Entonces, viendo mis avances, me ofrecieron corregir libros y la revista Misión, además de folletos y otros escritos. Pocos meses después, la editorial me pagó una parte de mis estudios en Corrección Literaria, que solo los ofrecía la Universidad de Belgrano. Fue muy lindo volver a las aulas. Fue muy lindo encontrarme con mi amigo Eliseo Angelucci, gran jugador de Scrabel y hacedor de crucigramas para La Nación y Joker. Habilísimo para las palabras, jugábamos siempre en el camino a adivinanzas y disfrutes de la construcción de las voces castellanas.
Desde entonces y hasta la actualidad sigo trabajando como corrector literario. Tuve el gusto de corregir para editoriales como Salvat y Perfil. además de zócalos para programas de televisión en Canal 7, por ejemplo. Mis notas las ofrezco siempre corregidas también. La tarea de corrector es maravillosa por lo altruista: trata de que lo que otro escribió se vea mejor, llegue mejor, cumpla su objetivo. Incluyo en mis trabajos la corrección de gramática, sintaxis, morfología, pero sobre todo, lo más difícil, la claridad y el estilo, sin que se pierda el sello de su autor. Esto último es todo un arte. Mucho más sencillo cuando se trata de un artículo. Muy complejo cuando se trata de un libro de varios capítulos.

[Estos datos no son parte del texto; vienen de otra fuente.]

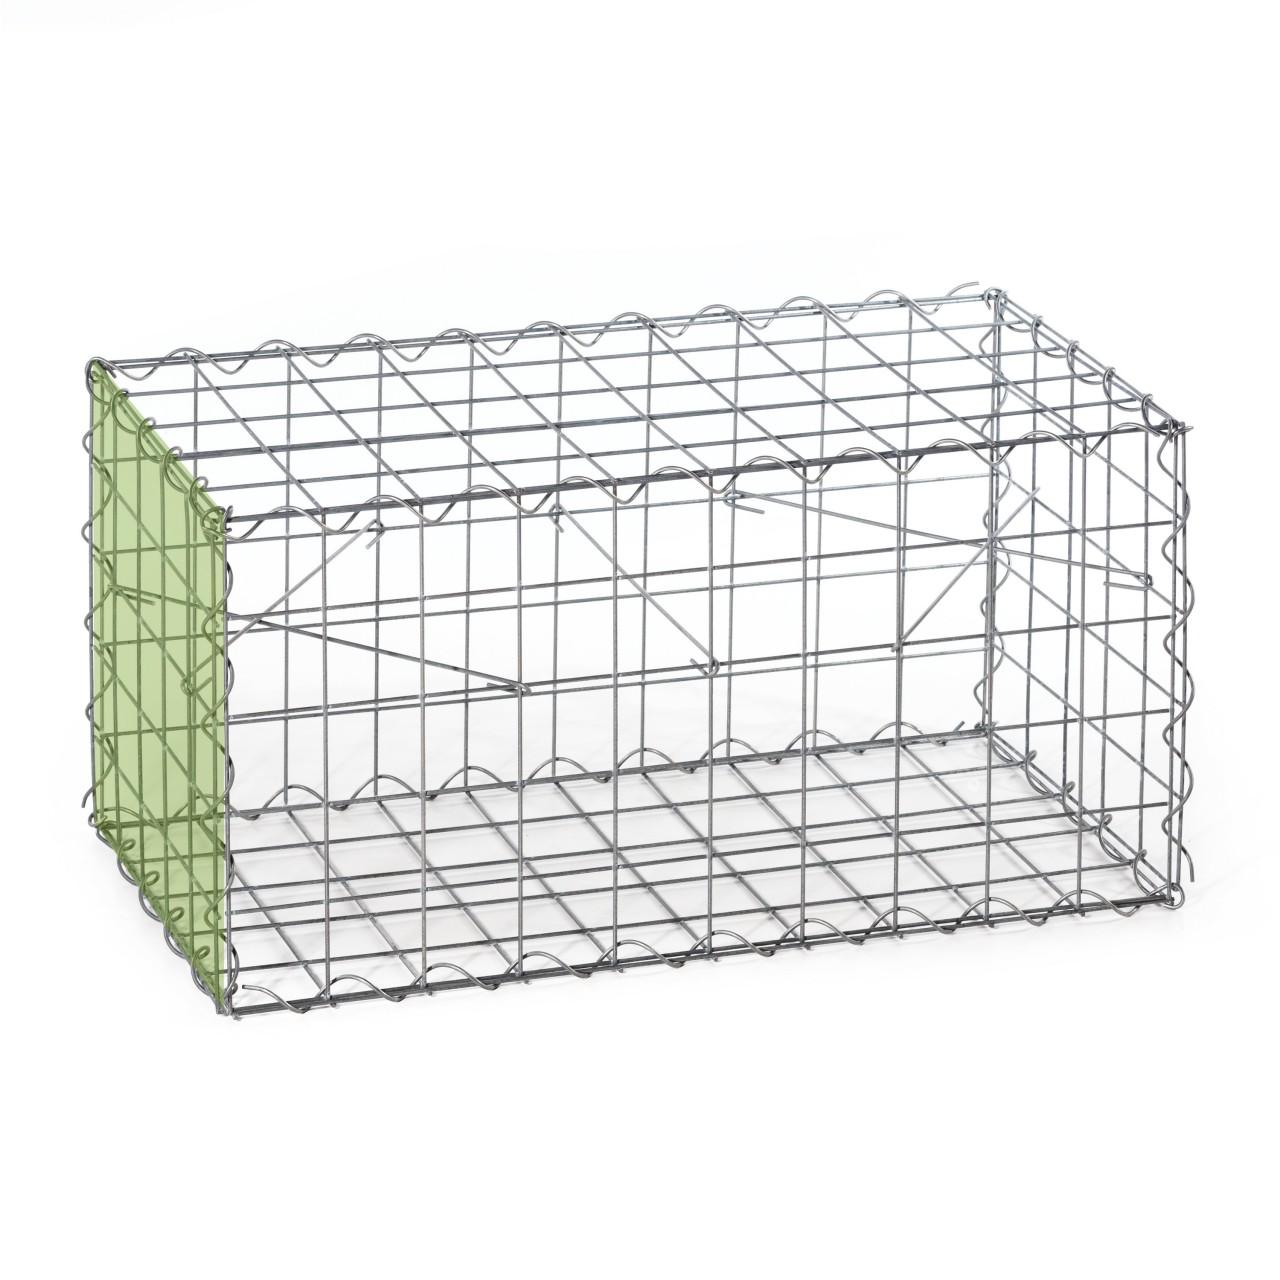 gabionenanbaukorb typ b korb b 1000 x 500 x 500 mm mw. Black Bedroom Furniture Sets. Home Design Ideas

Y corrijo todo tipo de material: desde sesudos ensayos históricos hasta etiquetas de productos o calendarios, donde «solo» hay que revisar que estén bien los días y las fechas. He corregido durante varios años revistas enteras, como Aire y Sol (1998-2001), Aire Libre (2001, 2005-2007), Puerto Pesca (2005-2010). En esos casos, había que respetar muchos estilos diferentes y, casi todos, productos de los mejores en sus materias, pero no de periodistas con formación académica. Algunos daba gusto leerlos y había que retocar muy poco: Marcelo Morales, Federico Kirbus, Walter Togneri… Con otros, la estrategia era sostener alguna charla, generalmente por teléfono, para aclarar las dudas que me suscitaban frases incompletas, giros idiomáticos, párrafos que no terminaban una idea, etc. Esto es un ejercicio muy enriquecedor para ambas partes.
Lamentablemente, hoy día los grandes medios han echado a muchos correctores en búsqueda de reducir gastos. Diarios que antes eran usados como ejemplos en las escuelas ya no gozan de la misma pulcra redacción. Se les pide a los periodistas o redactores que corrijan sus propios trabajos sabiendo que no son precisamente técnicos en la material y que, además, es muy difícil que uno se corrija a sí mismo, sobre todo, si se trabaja contra reloj.
En otras notas les voy a contar algunas de las muchas situaciones graciosas, derivadas de la riqueza del idioma más lindo del mundo.